What does research have to say about this approach?

First, there are the studies of the tests themselves. These days, there is a slew of such measures that probe into proficiency with letters, phonemic awareness, decoding, oral reading fluency, and spelling (curriculum-based measures) or that try to predict later reading performance. Studies show that many of these short tests are both valid and reliable. Not that research hasn’t identified important limitations, too – including their shortfall with some populations, such as English Learners (Newell, Codding, & Fortune, 2020); reliability problems when administered by teachers under normal classroom conditions (Ardoin & Christ, 2008); and the so-called false positives issue which often leads to the overidentification of reading problems – meaning some kids get extra instruction when they don’t need it (Compton, Fuchs, Fuchs, Bouton, Gilbert, Barquero, Cho, & Crouch, 2010).

That means such tests can do a good job, but that they sometimes don’t. Still, even with these snags, it appears that they are up to the job for which they are intended (January & Klingbell, 2020; Petscher, Fien, Stanley, Gearin, Gaab, Fletcher, & Johnson, 2019).

So far, so good.

Second, there are studies of various early interventions. Again, there has been substantial study into whether remedial interventions help kids to progress. Several programs that deliver targeted instruction to low readers have been found to be successful.

That’s even better.

Given that there are valid tests and effective interventions out there, you’d think there would be strong evidence supporting programs of early identification and differentiation of instruction.  

That’s where things get complicated.

Because, in fact, the evidence supporting the use of such testing to improve reading achievement is neither strong nor straightforward. The pieces are there, but the connections are a bit shaky.

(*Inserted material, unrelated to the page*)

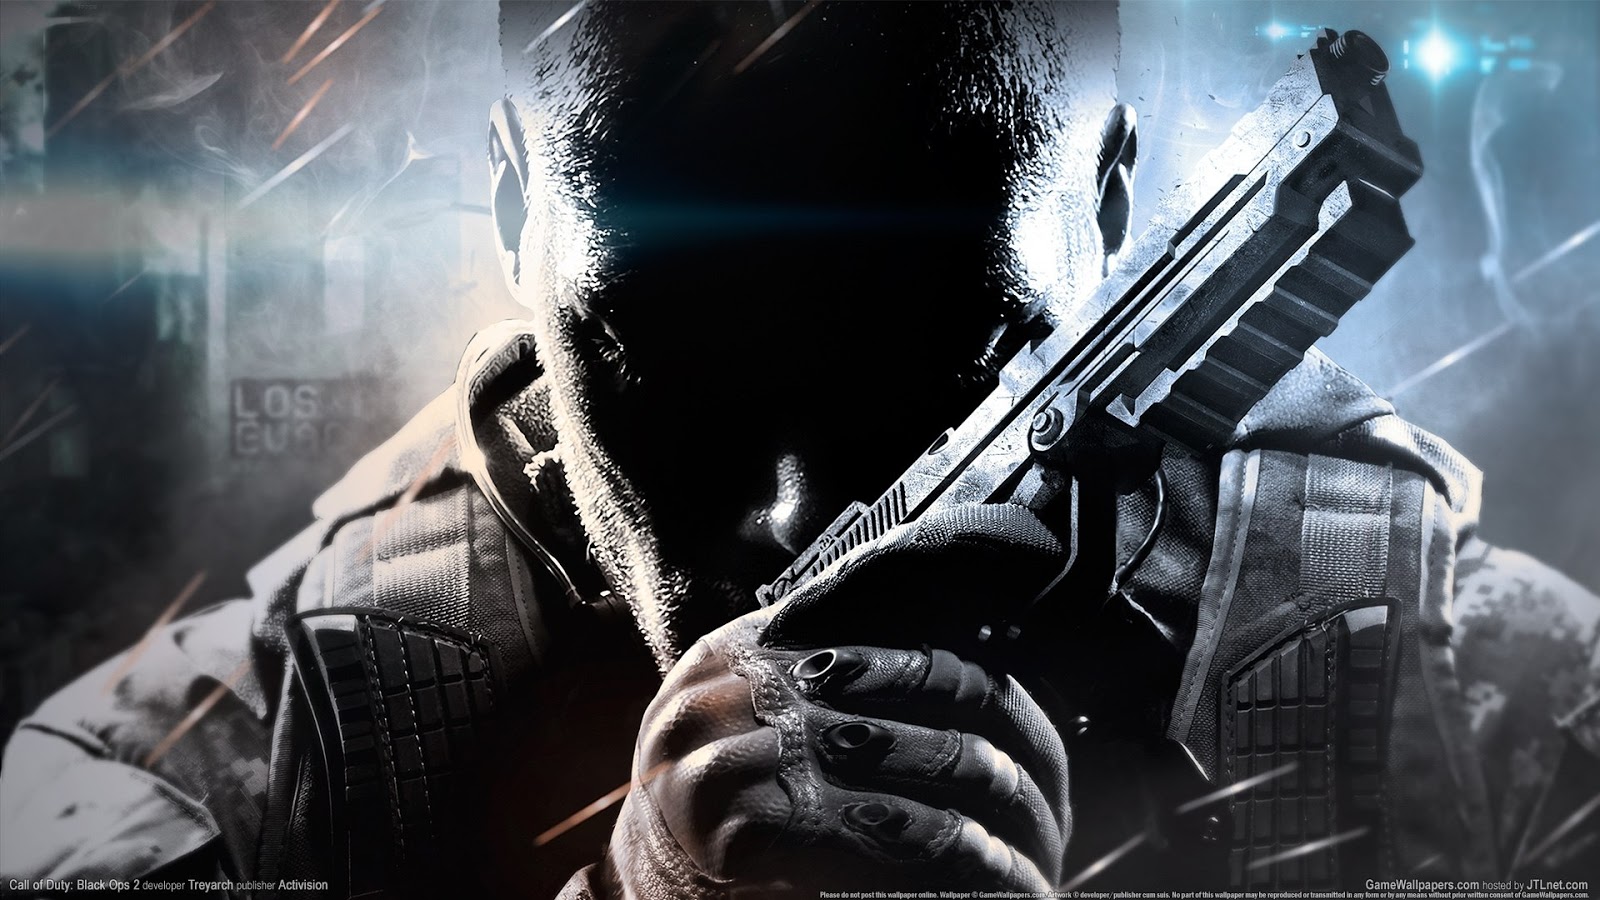 Franquia Call of Duty acusada de motivar assassino do massacre de

You don’t have to take my word for it.

The What Works Clearinghouse (WWC) issued a relevant practice guide, Assisting Students Struggling with Reading: Response to Intervention (RtI) and Multi-Tier Intervention in the Primary Grades (Gersten, Compton, Connor, Dimino, Santoro, Linan-Thompson, & Tilly, 2008).

That guide recommended that students be screened and monitored in reading. The WWC (part of the research arm of the U.S. Department of Education) evaluated that recommendation and concluded that it was supported by moderate research evidence. Studies showed that such testing could be implemented successfully.

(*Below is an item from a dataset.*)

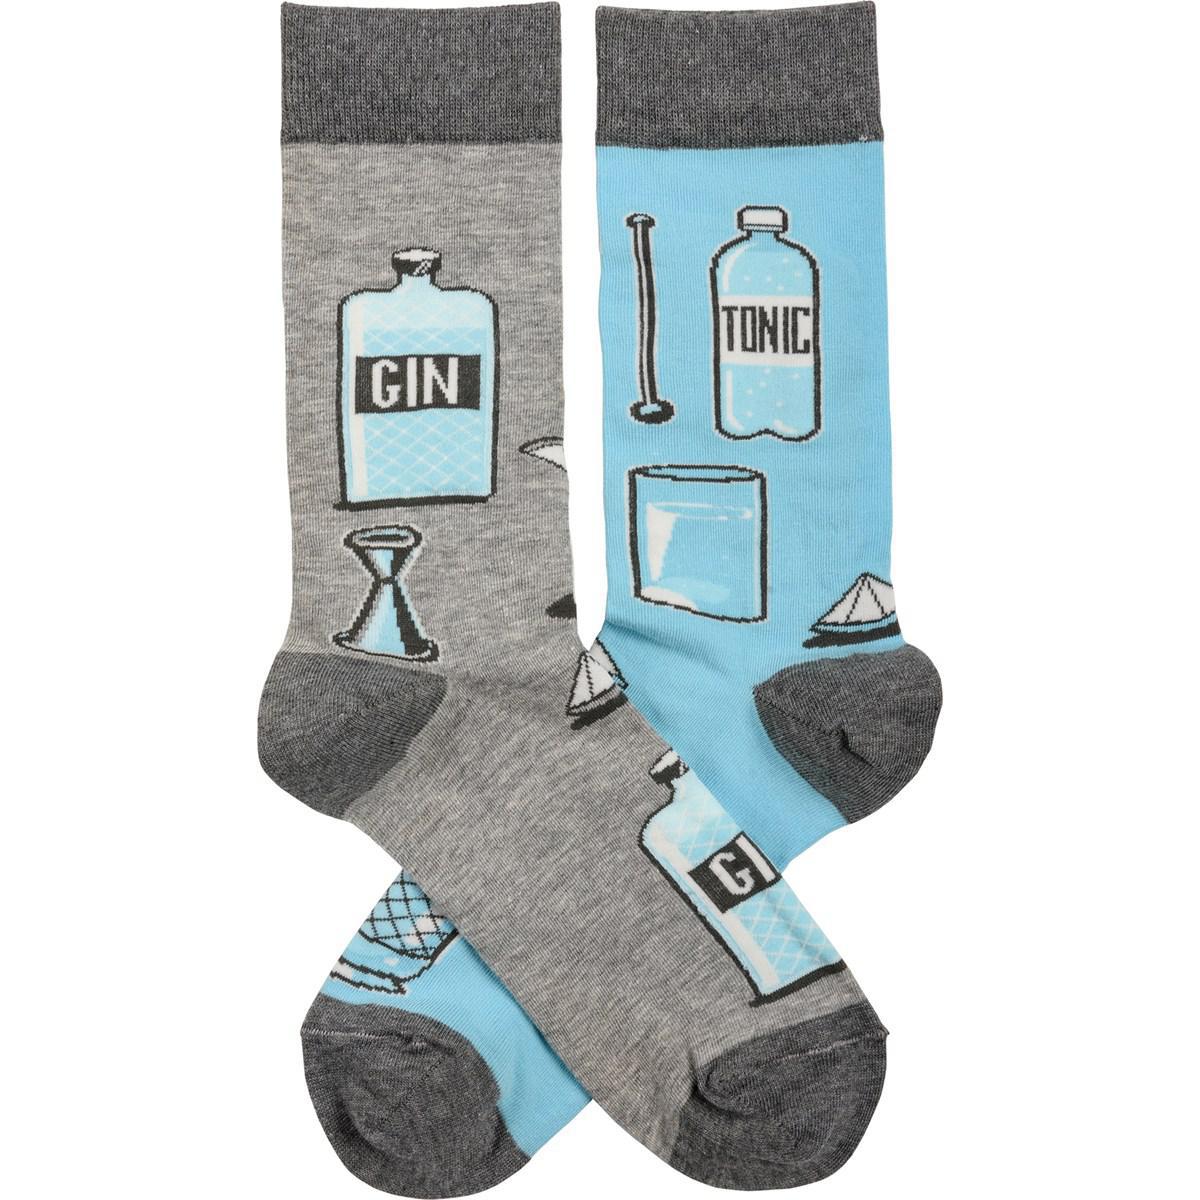 Gin & Tonic Socks

The panel also recommended that, based upon the data from these tests, students should be provided with differentiated reading instruction. The WWC concluded that there was minimal research evidence supporting this recommendation (at that time, they could only cite a single correlational study that suggested the possibility of effectiveness). In other words, there wasn’t convincing proof that teaching in response to testing improved student learning.

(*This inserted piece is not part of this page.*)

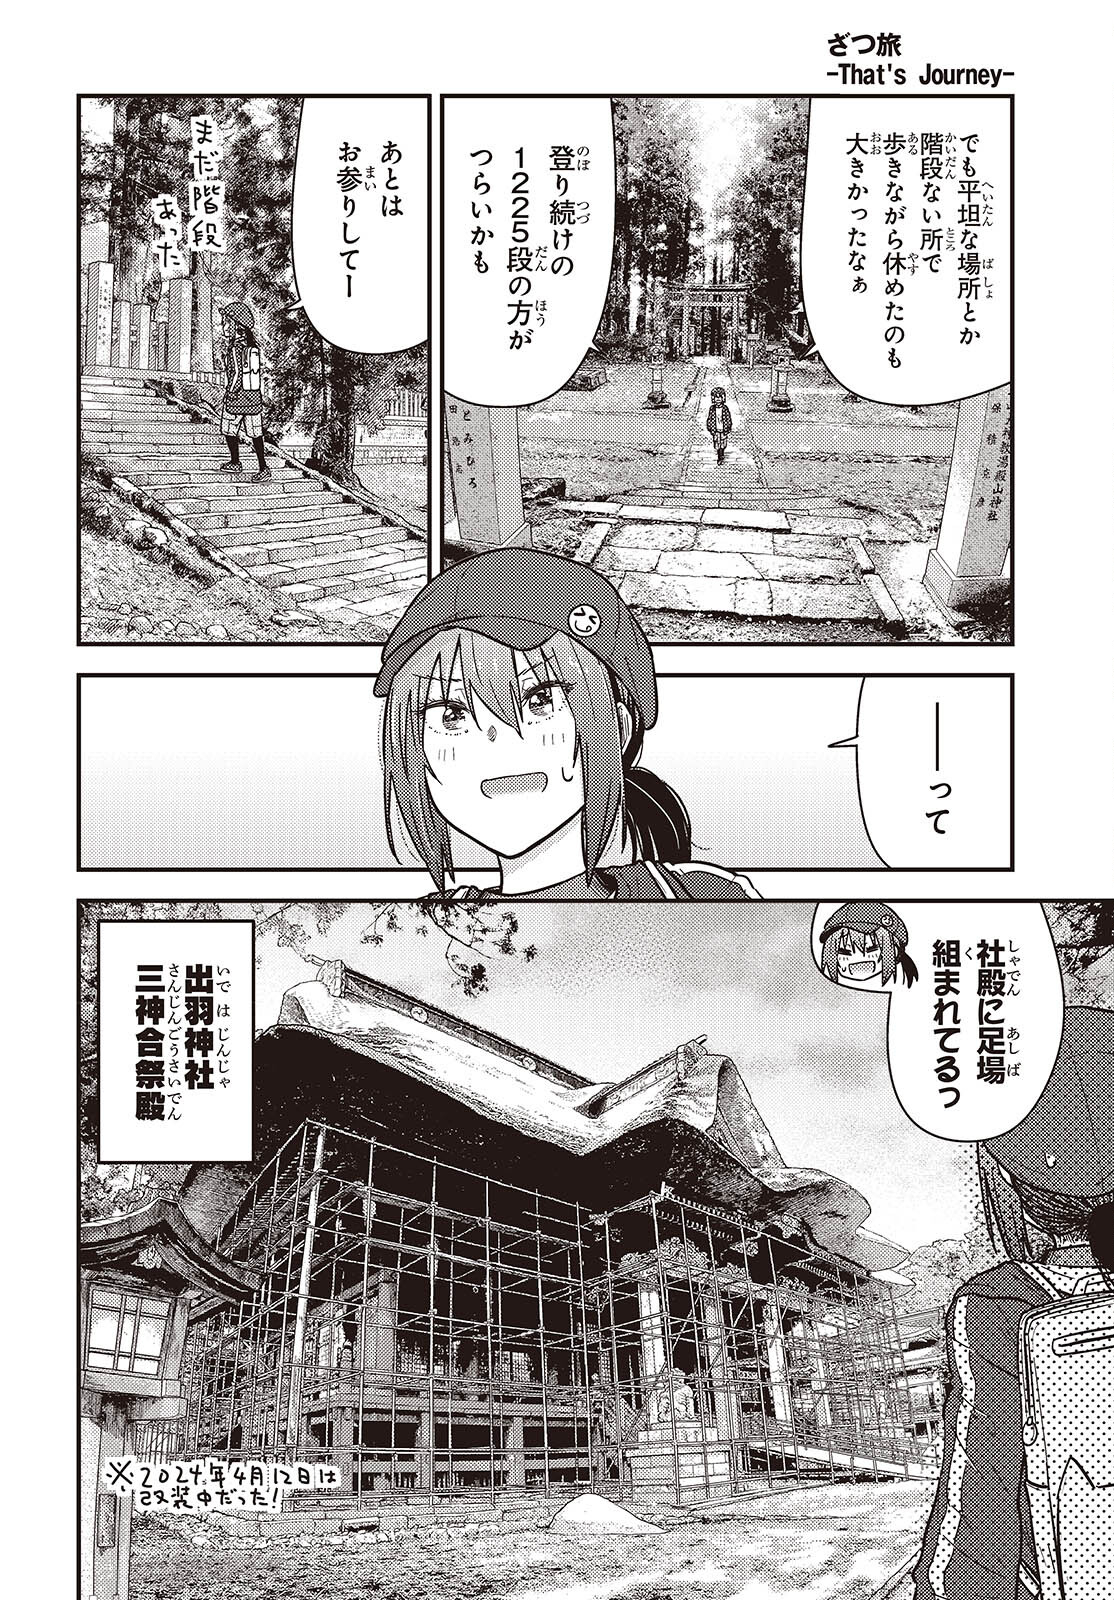 ざつ旅-That's Journey- 第38話 - Page 20

Don’t bail yet – that was almost 15 years ago, and things do change.

Given that I started looking for more recent evidence. In some states, these policies have been in place for quite a while, so maybe public data could provide some clues. Also, what about new studies over the past decade?  

Unfortunately, public data hasn’t been especially informative. Since 2006, National Assessment (NAEP) scores have languished (and even fallen a bit recently). But I could find no analyses that linked implementation of these testing policies to reading performance in the various states. Likewise, as far as I could determine, no state has even bothered to monitor whether these laws are helping kids to learn better. (When I’m contacted by groups wanting my help in getting their states to adopt early reading assessment policies, I always ask how it has gone in states that have those policies already. I have yet to find someone who had any idea.)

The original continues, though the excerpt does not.